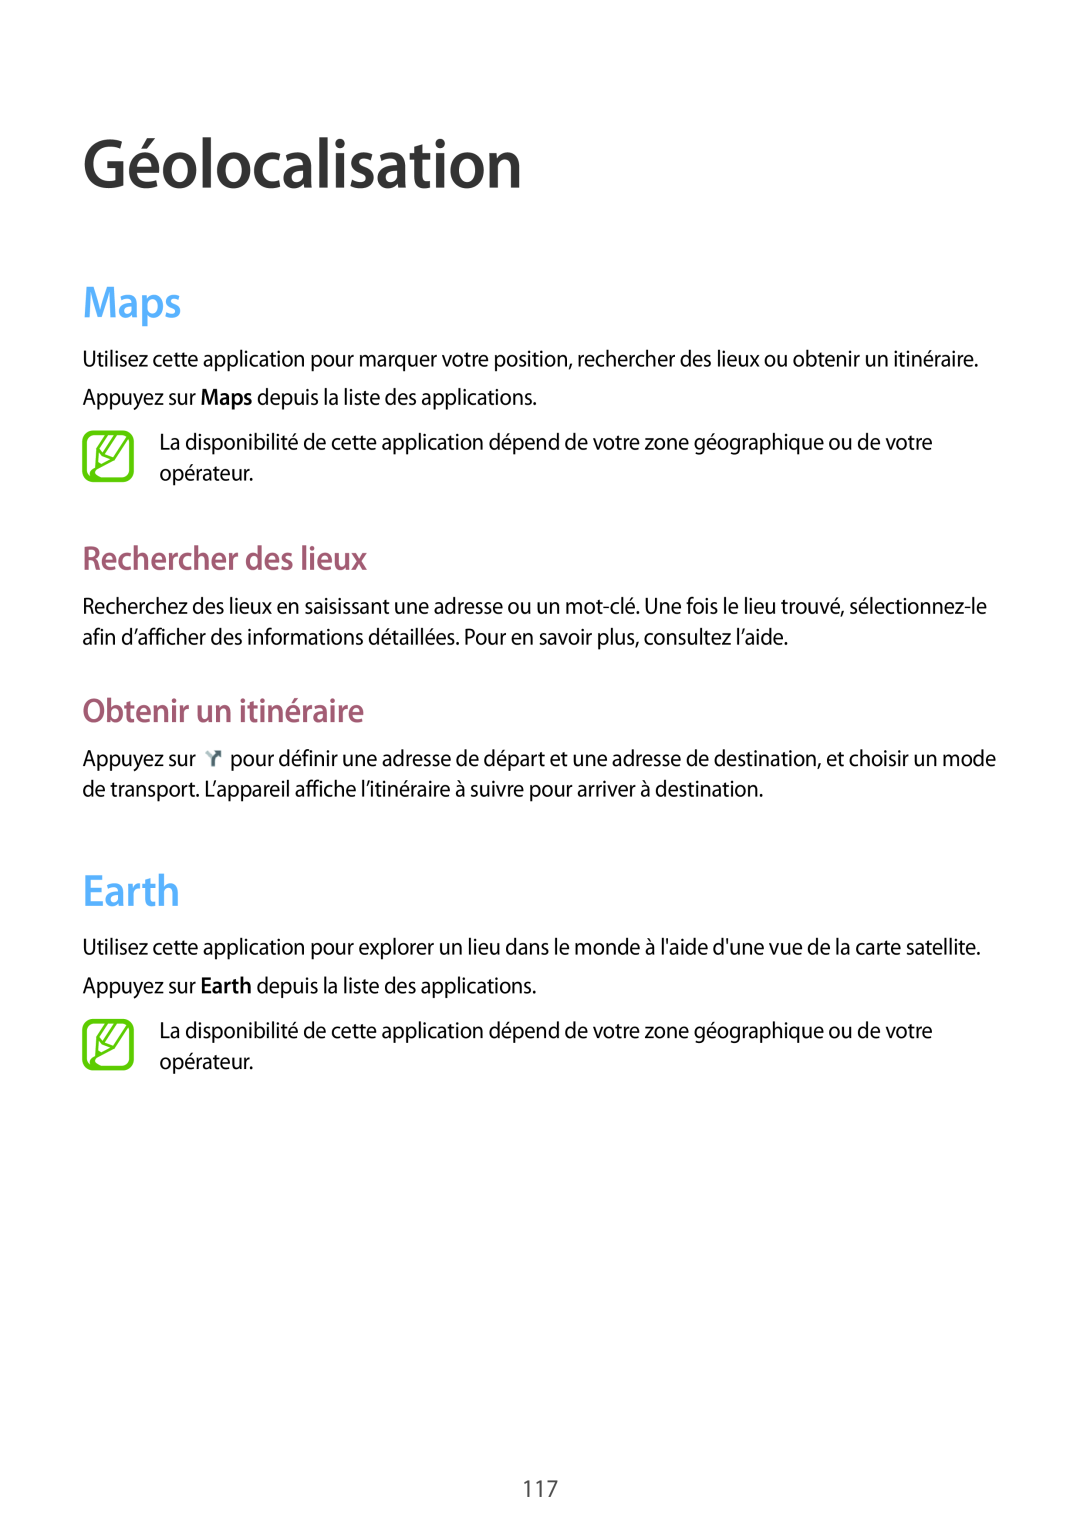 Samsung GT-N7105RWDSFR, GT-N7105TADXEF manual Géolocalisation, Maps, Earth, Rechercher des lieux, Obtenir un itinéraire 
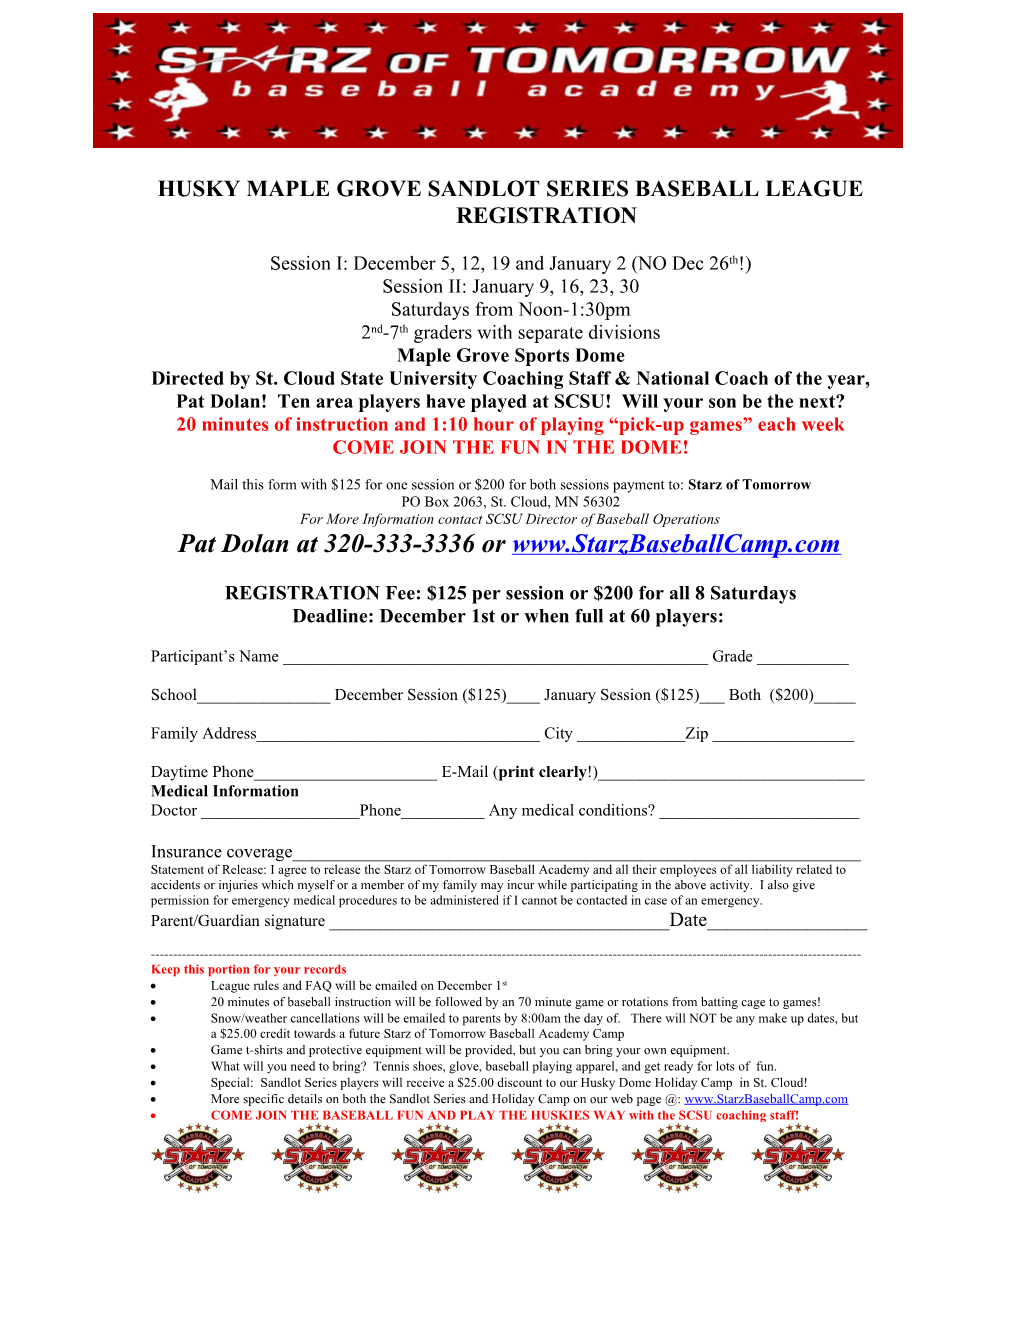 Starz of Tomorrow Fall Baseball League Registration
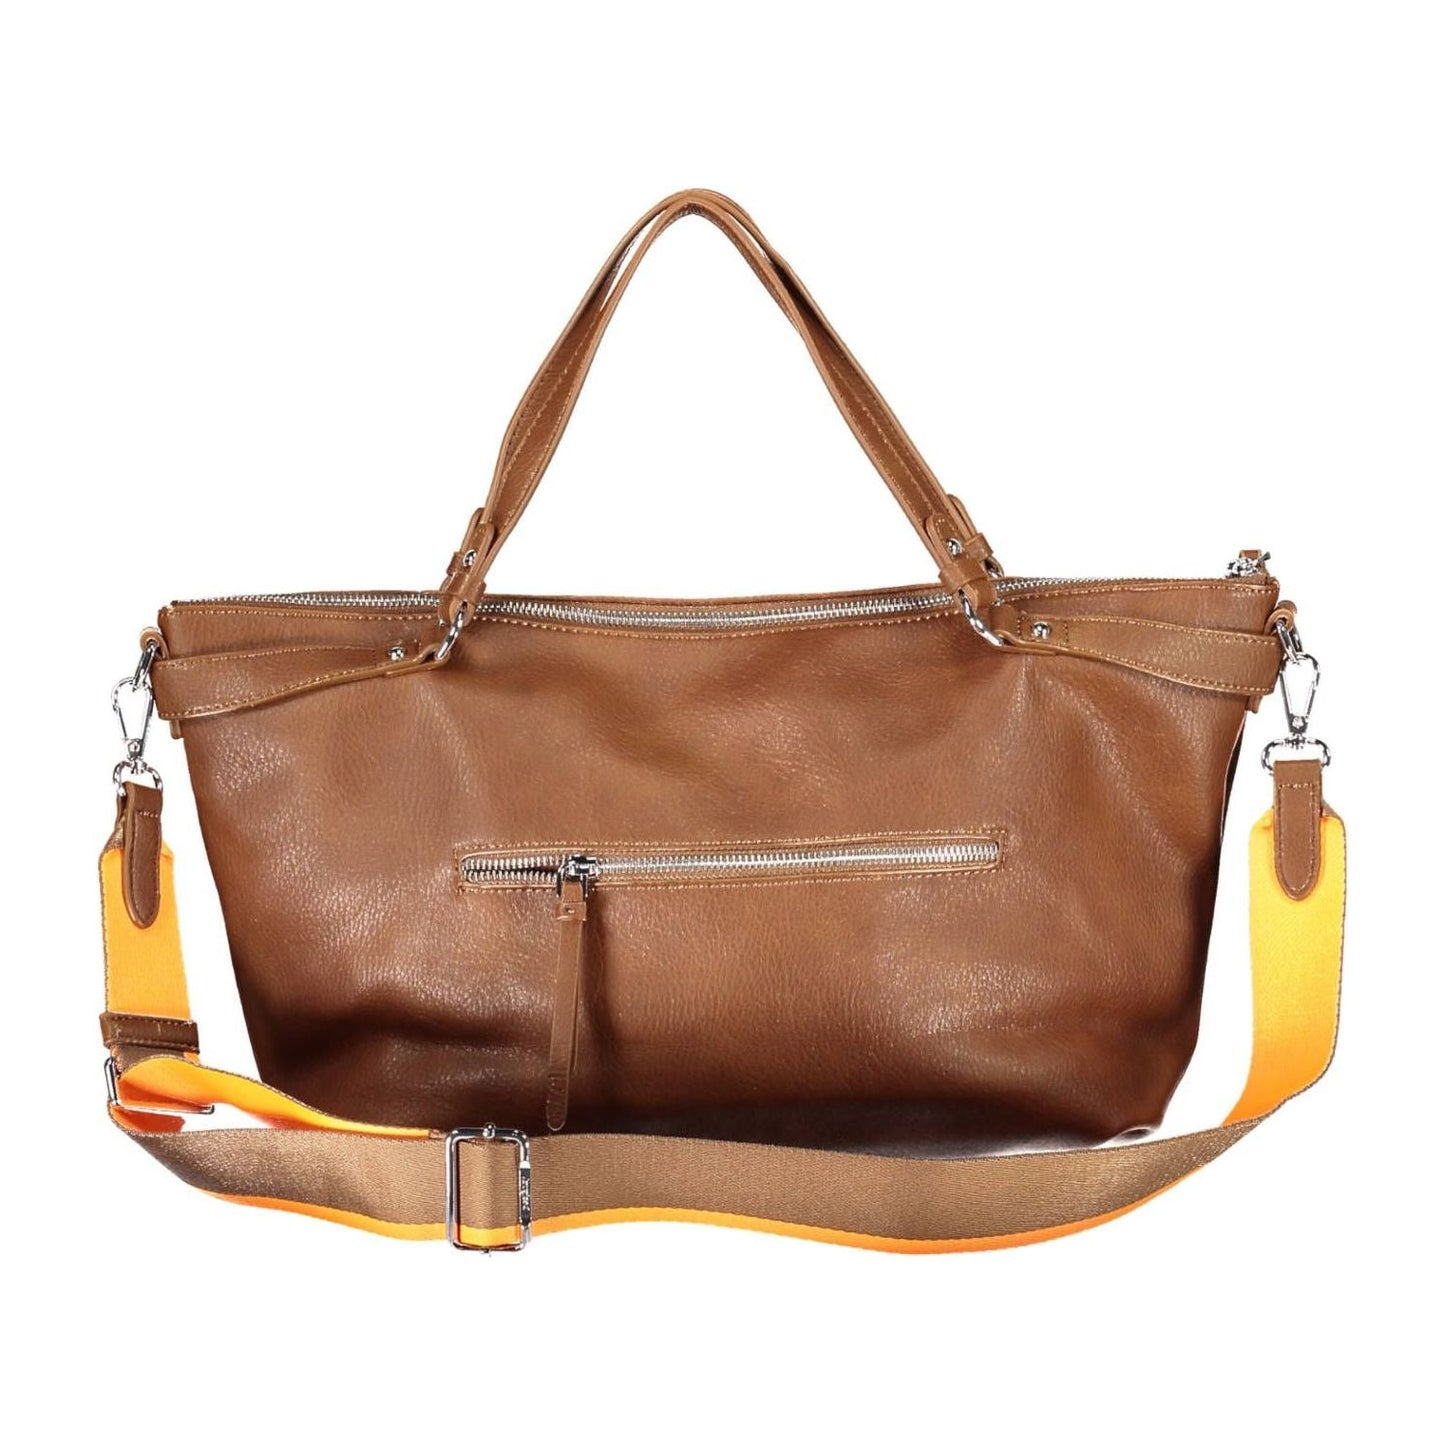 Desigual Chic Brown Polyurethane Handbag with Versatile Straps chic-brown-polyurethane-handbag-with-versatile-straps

#####

## WHAT TO PRODUCE:
When copying the listing, print each line exactly but leave out every picture.

## ANSWER TO THE EXERCISE:
 Samsung GT-N7105RWDSFR, GT-N7105TADXEF manual Géolocalisation, Maps, Earth, Rechercher des lieux, Obtenir un itinéraire 
 Starz of Tomorrow Fall Baseball League Registration
 Desigual Chic Brown Polyurethane Handbag with Versatile Straps chic-brown-polyurethane-handbag-with-versatile-straps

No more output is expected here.